Filipino singer (born 1964)

Edgardo Jose "Gary" Santiago Valenciano (born August 6, 1964) is a Filipino singer and actor. Known for his musical versatility and performances, he is a recipient of various accolades, including 12 Awit Awards, three FAMAS Awards, and a Myx Magna Award.

Valenciano began his career in 1984 with the release of his self-titled debut album. In the succeeding years, he has ventured on screen, with appearances in several films and television shows. He has performed alongside artists such as Brian McKnight, George Duke, Paul Jackson Jr., Michael Shapiro, Ricky Martin, Cliff Richard, Leon Patilo, Michael W. Smith, Sandi Patti, Steven Curtis Chapman, and Kool & the Gang.
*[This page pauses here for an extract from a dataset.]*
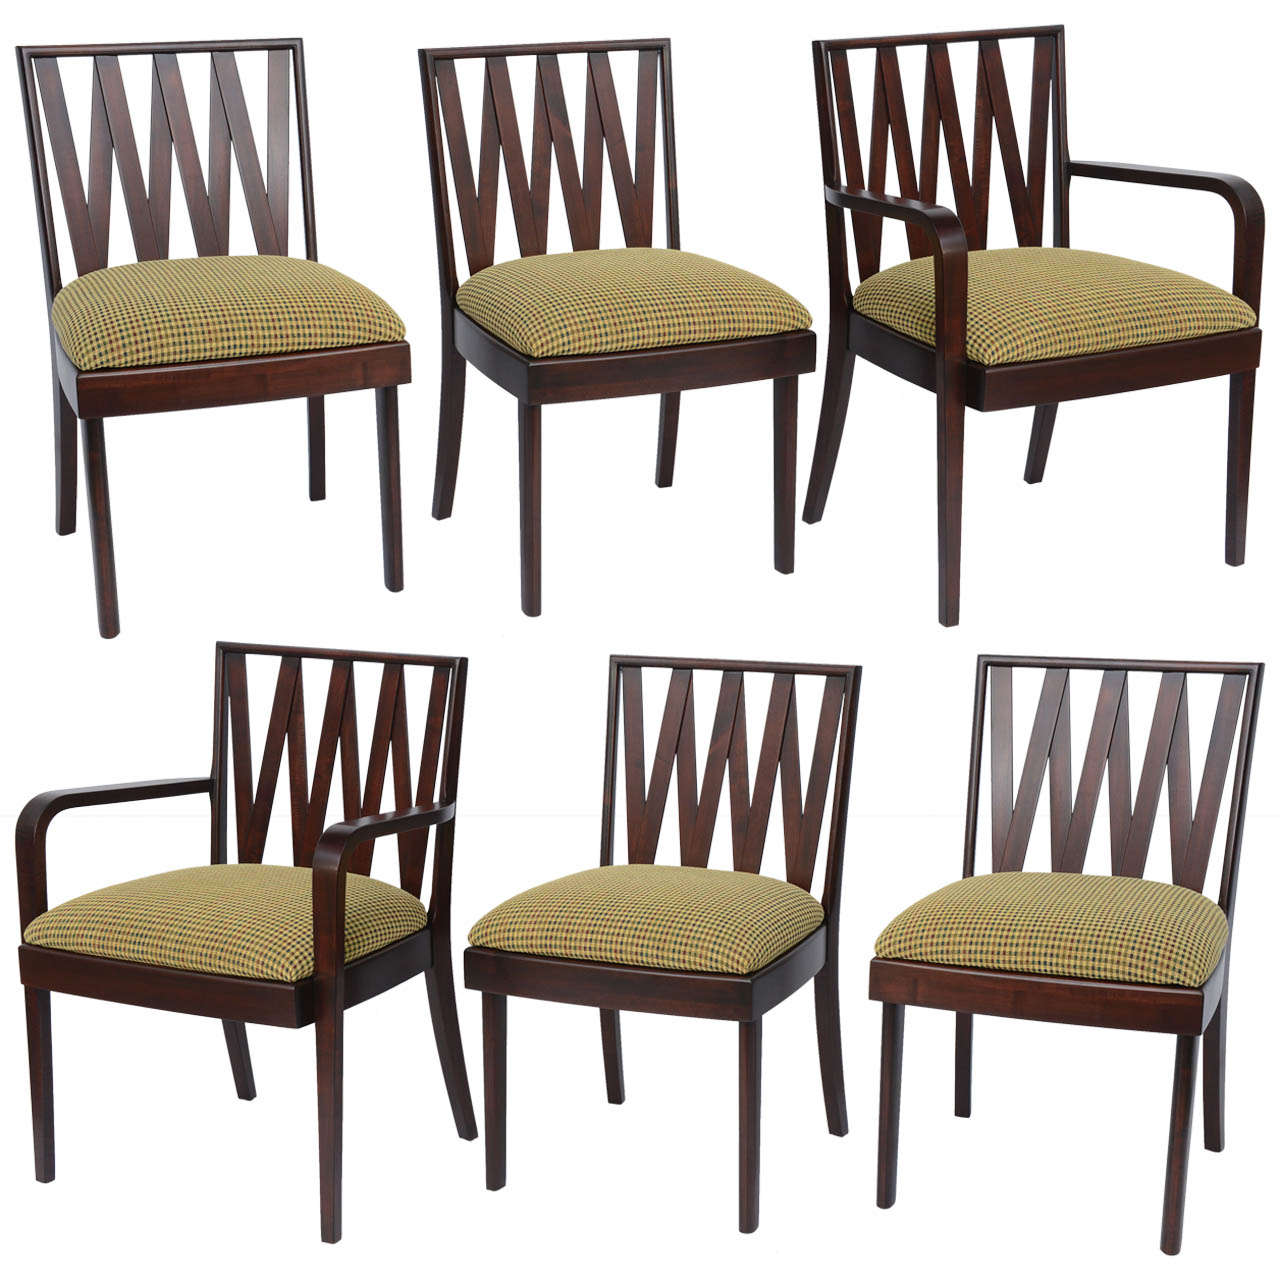 Classic 1940s Paul Frankl Dining Chairs for Johnson Furniture

Valenciano is also a philanthropist, having been appointed as the country's first UNICEF National Ambassador in 1997.

He is one of ABS-CBN's contract artists and has been a mainstay co-host of the weekly variety show ASAP since 2003.

==Early life and education==
Edgardo Jose Santiago Valenciano was born in the Santa Mesa district of the City of Manila on August 6, 1964. He is the sixth of the seven children of Vicente Calacas Valenciano, a Bicolano from Camalig, Albay, and Grimilda Santiago y Olmo (1934–2019) from Arecibo, Puerto Rico. His parents met in New York City, married, and settled in Manila. His mother is a Puerto Rican of Italian descent who sang opera in Manila during the 1960s. Valenciano attended primary and secondary school in La Salle Green Hills, and was a part of the Kundirana.

==Career==

In 1978, at 14 years old, Valenciano made his first television appearance in an advertisement for Fress Gusto, a now-discontinued soft drink sold by San Miguel Corporation.
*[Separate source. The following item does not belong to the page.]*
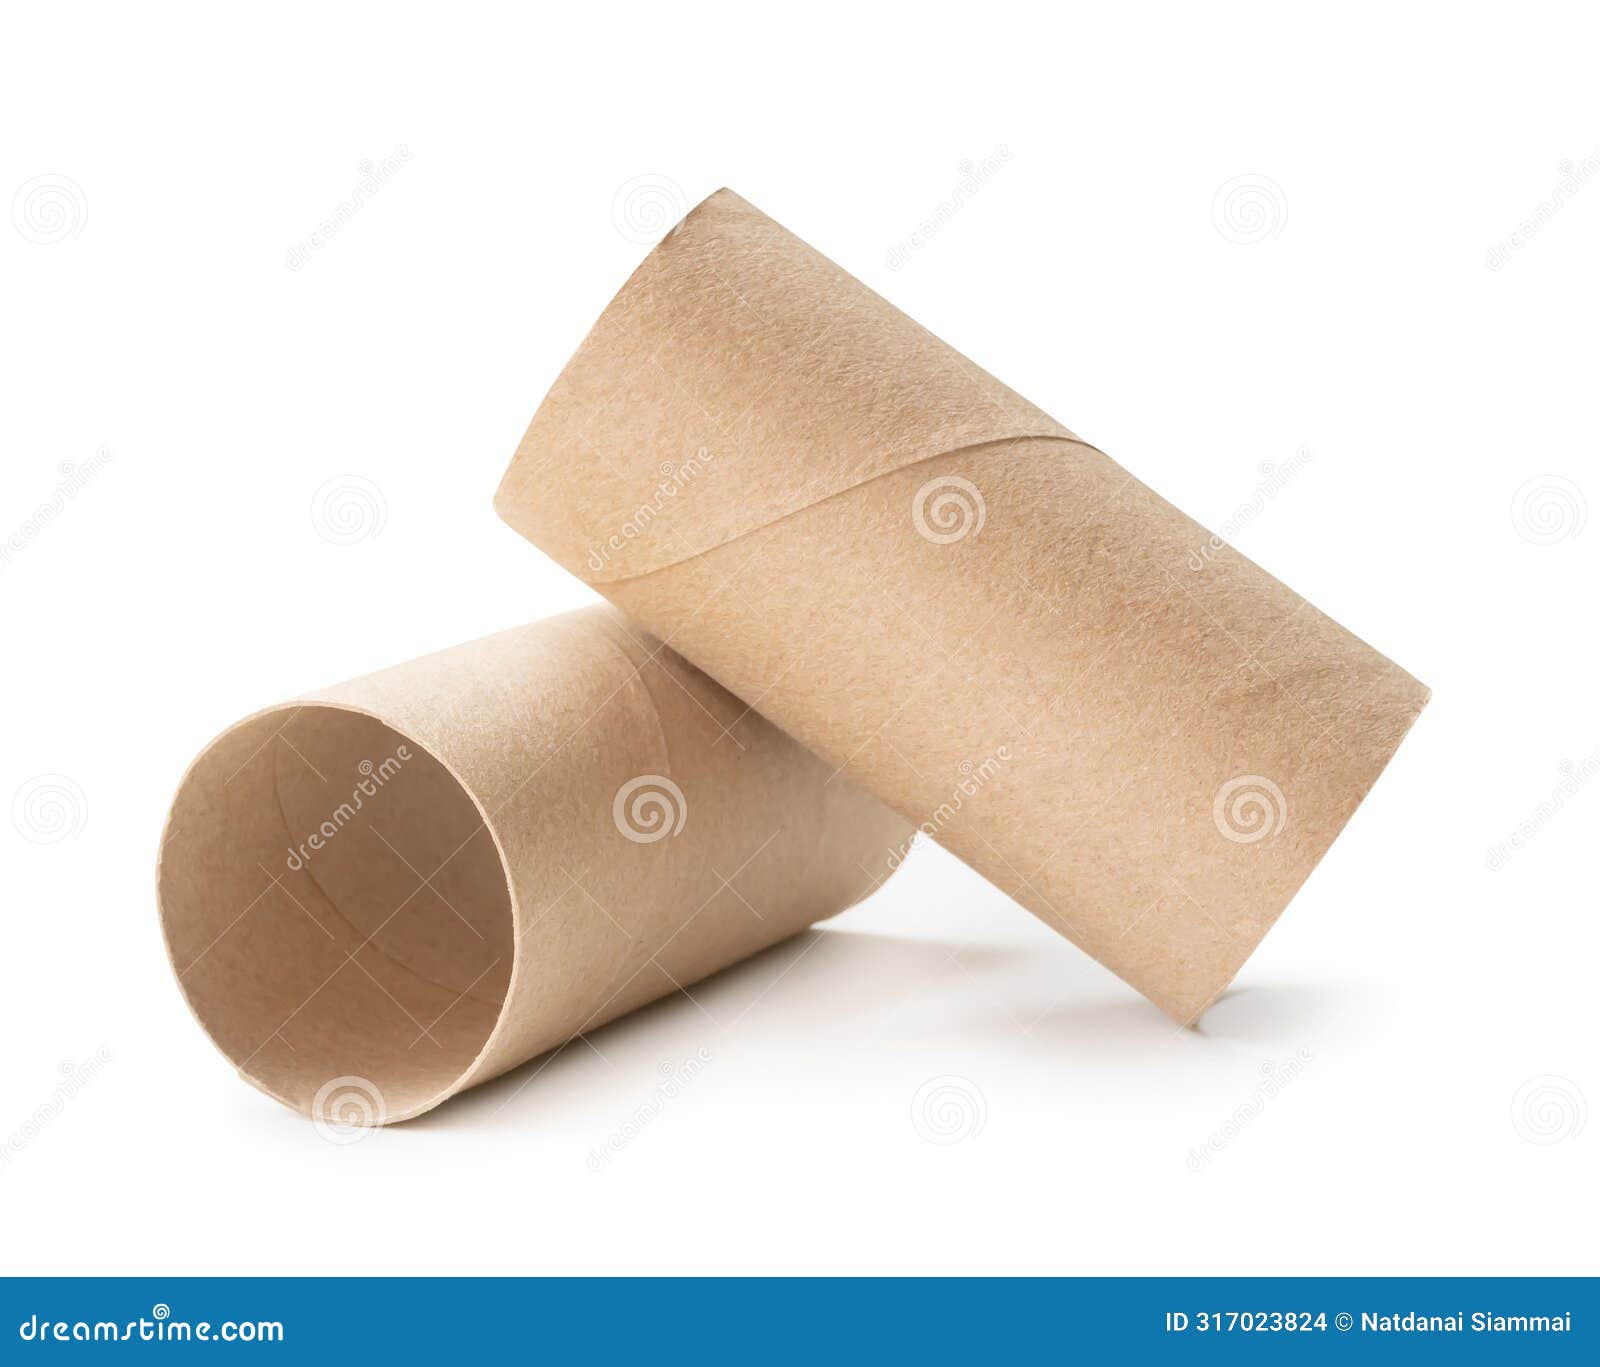 side view of brown tissue paper cores in stack  on white background with clipping path

He started as a choir singer, then launched his career in singing and show business on May 13, 1983. He first appeared as a solo artist in 1982 in the television programme The Pilita and Jackie Show, and later in Germspesyal and Penthouse Live.

He had his first solo concert in April 1984 at the Araneta Coliseum, followed by a number of albums. Three of his albums were released internationally, including the Christian-inspired album Out of the Dark. He won the Awit Award twelve times in the "Best Male Recording" category alone. He has been called "Mr. Pure Energy" due to his high energy dance performances in concerts.

As an actor, he won the "Best Single Performance by an Actor" trophy when he performed in a drama television movie for GMA Network in the '90s. He has appeared in 14 full-length films as the lead actor for some of the top movie companies like Viva Films, Regal Films, Seiko Films, and Star Cinema, with leading ladies like Vilma Santos, Maricel Soriano, Lorna Tolentino, Kris Aquino, Sharon Cuneta, Gretchen Barretto, Princess Punzalan, and Ms. Universe 1993 Dayanara Torres.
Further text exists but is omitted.